L’ancien régime rwandais hutu a été soutenu par le Zaïre de Mobutu Sese Seko, qui a tenu le pays d'une main de fer pendant 32 ans, entre 1965 et 1997. "Lorsque ensuite le Front patriotique rwandais (FPR) a pris le pouvoir en arrêtant le génocide en 1994, de nombreux membres de l’ancien régime génocidaire ont effectivement fui au Congo. Le Rwanda a reproché à ce moment-là à la RDC d’accueillir des génocidaires", reprend Pierre Boisselet.
Pour la RDC, le Rwanda veut garder "une emprise"
Le chercheur rappelle que les tensions ont ensuite continué de monter en 1996-1997. La rébellion menée à l'époque par Laurent-Désiré Kabila, devenu président de la RDC de 1997 jusqu’à son assassinat en janvier 2001, a été fortement soutenue par le Rwanda et l’Ouganda. "Ils ont renversé Mobutu et pris le pouvoir. Ensuite, Kabila a accusé le Rwanda de vouloir conserver une emprise sur le pouvoir congolais. Les militaires rwandais ont été expulsés du pays", poursuit Pierre Boisselet. "Ce qui a amené à une deuxième guerre qui s’est terminée en 2002-2003. L’accusation à l’égard du Rwanda de vouloir conserver une emprise sur le Congo n’a jamais véritablement cessé".

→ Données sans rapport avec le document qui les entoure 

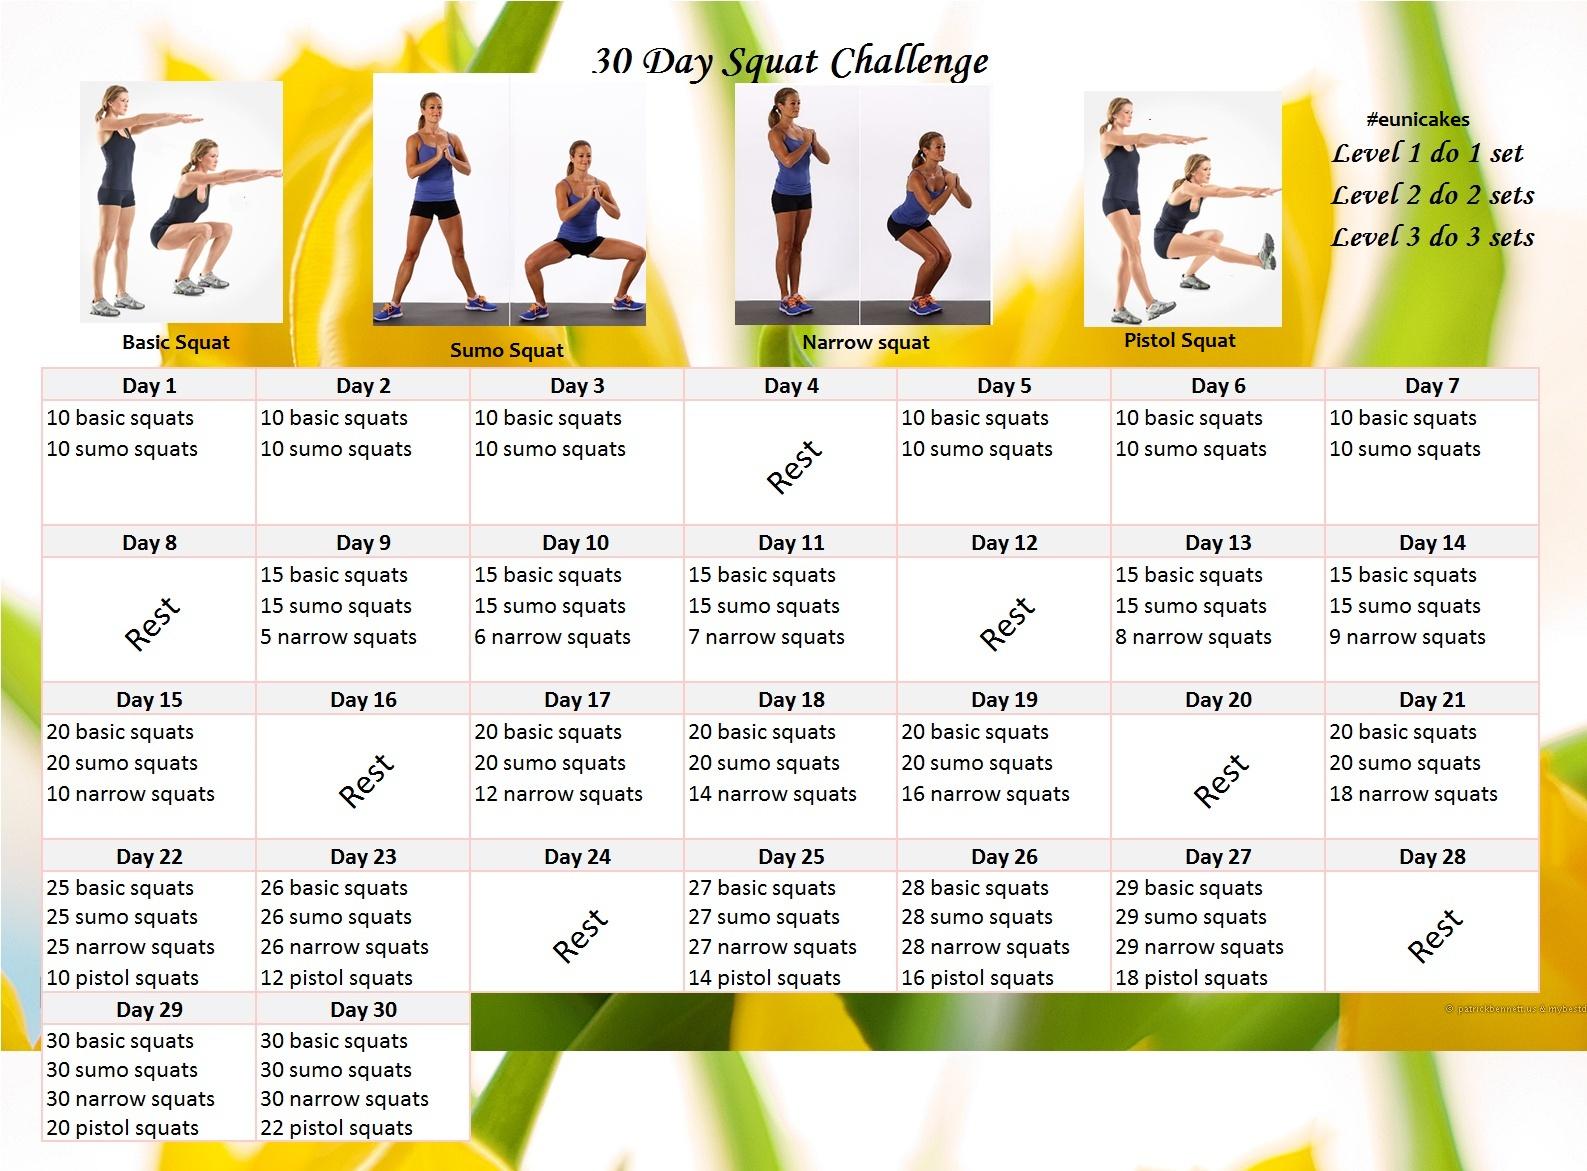 Fitness Challenge: 30 Day Squat Calendar Challenge   Eunicakes With 30 Day Squat Challenge Schedule Calendar

Le revirement de Laurent-Désiré Kabila a effectivement déclenché la rébellion du RCD [Rassemblement congolais pour la démocratie, NDLR] en 1998, soutenue par Kigali, détaille Christoph Vogel. "Pendant la guerre qui s’en est suivie, l’armée rwandaise a continué de pourchasser les génocidaires rwandais sur le sol congolais, en commettant des massacres. De son côté, le gouvernement congolais a commencé à utiliser régulièrement les rébellions de l’ALiR (FDLR depuis 2000) comme allié contre le RCD et d’autres groupes soutenus, ou du moins, accusés d’être soutenus, par Kigali – [ALiR, Armée de libération du Rwanda ; FDLR, Forces démocratiques de libération du Rwanda ; ces groupes sont constitués de dissidents hutus opposés au président Paul Kagame et accusés du génocide des Tutsis, NDLR]".

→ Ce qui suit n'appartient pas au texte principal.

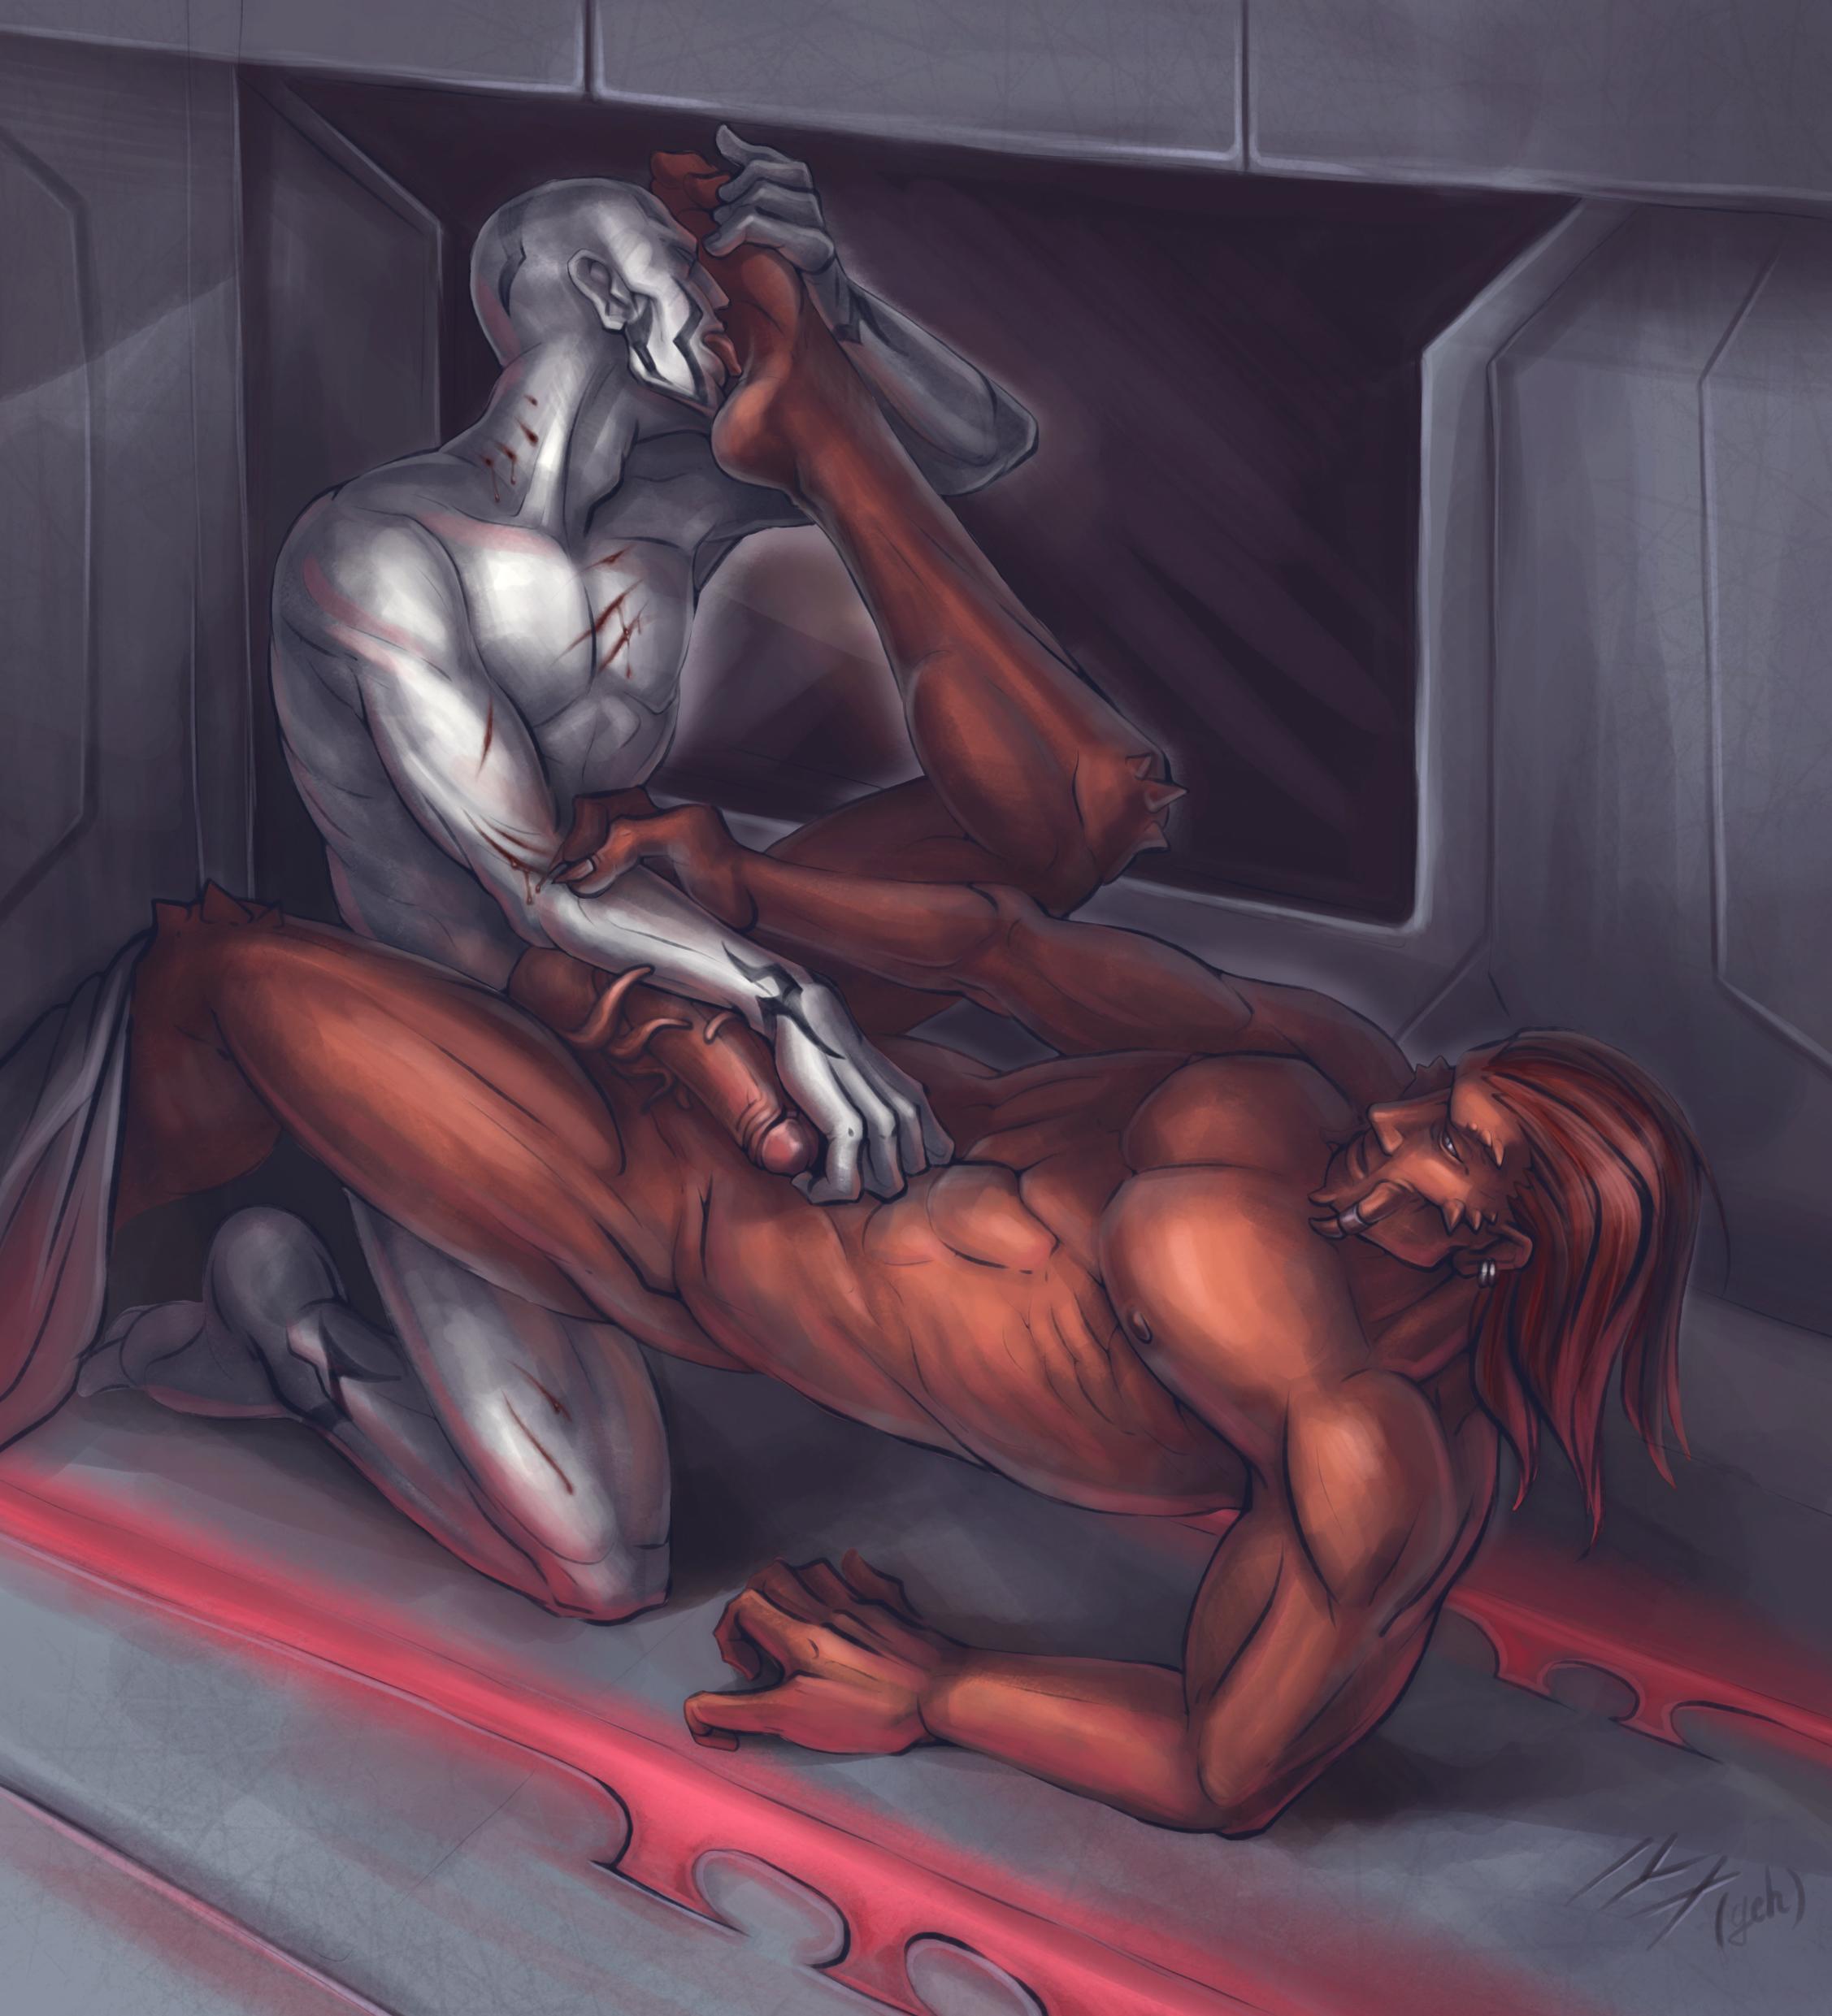 gey-porno-zvezdnie-voyni

Selon Pierre Boisselet, plusieurs rébellions, et pas seulement le M23, ont été soutenues par le Rwanda, comme le RCD-Goma (le Rassemblement Congolais pour la Démocratie) et le CNDP (le Congrès national pour la défense du peuple).

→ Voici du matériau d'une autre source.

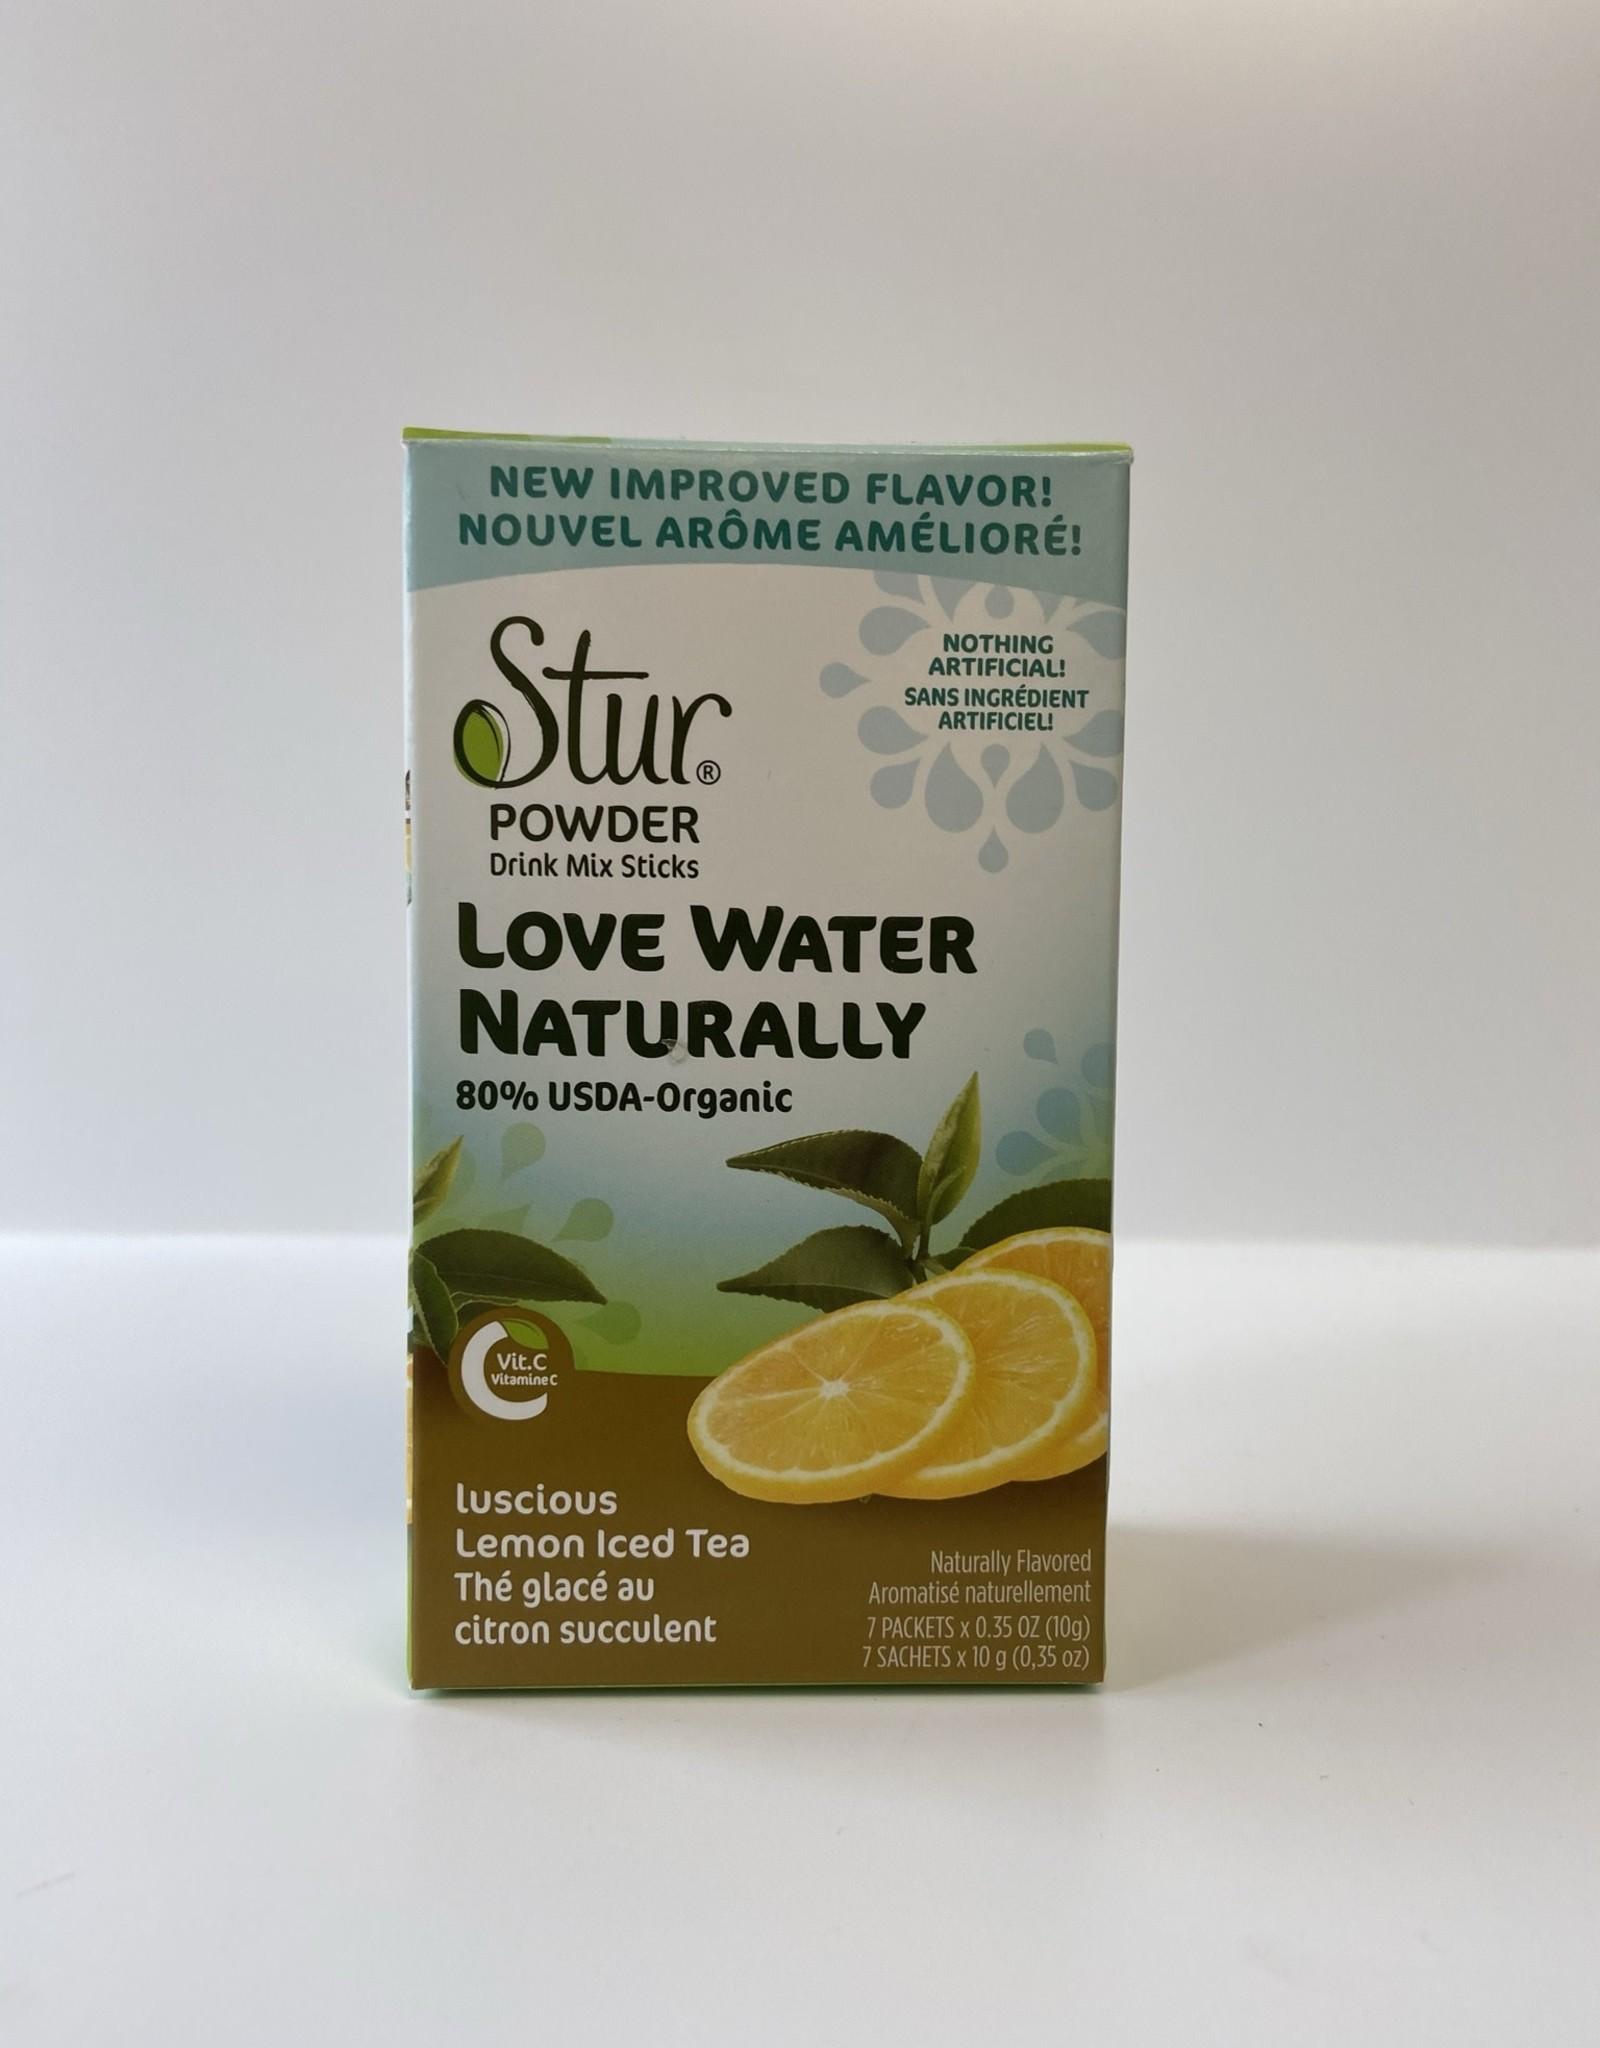 Stur Stur - Powder Drink Mix Sticks, Luscious Lemon Iced Tea

Aussi Kinshasa accuse régulièrement le Rwanda de mener des incursions sur son territoire. Un incident vient de mettre de l'huile sur le feu. Kigali a affirmé le samedi 28 mai que deux de ses soldats étaient retenus en captivité après leur enlèvement par des rebelles des Forces démocratiques de libération du Rwanda (FDLR). "La position rwandaise consiste à dire que ces soldats ont été capturés à la frontière. Selon d’autres sources, et notamment l’armée congolaise, ils ont été arrêtés à l’intérieur du territoire congolais. Si c’était confirmé, cela pourrait être une preuve de l’implication de l’armée rwandaise à l’intérieur même du Congo", estime Pierre Boisselet. Aussi, selon le spécialiste, une partie de la classe politique et de l’opinion publique congolaises soupçonne le Rwanda de continuer à exercer de l'influence de par ses liens avec certains militaires au sein même de l’armée congolaise.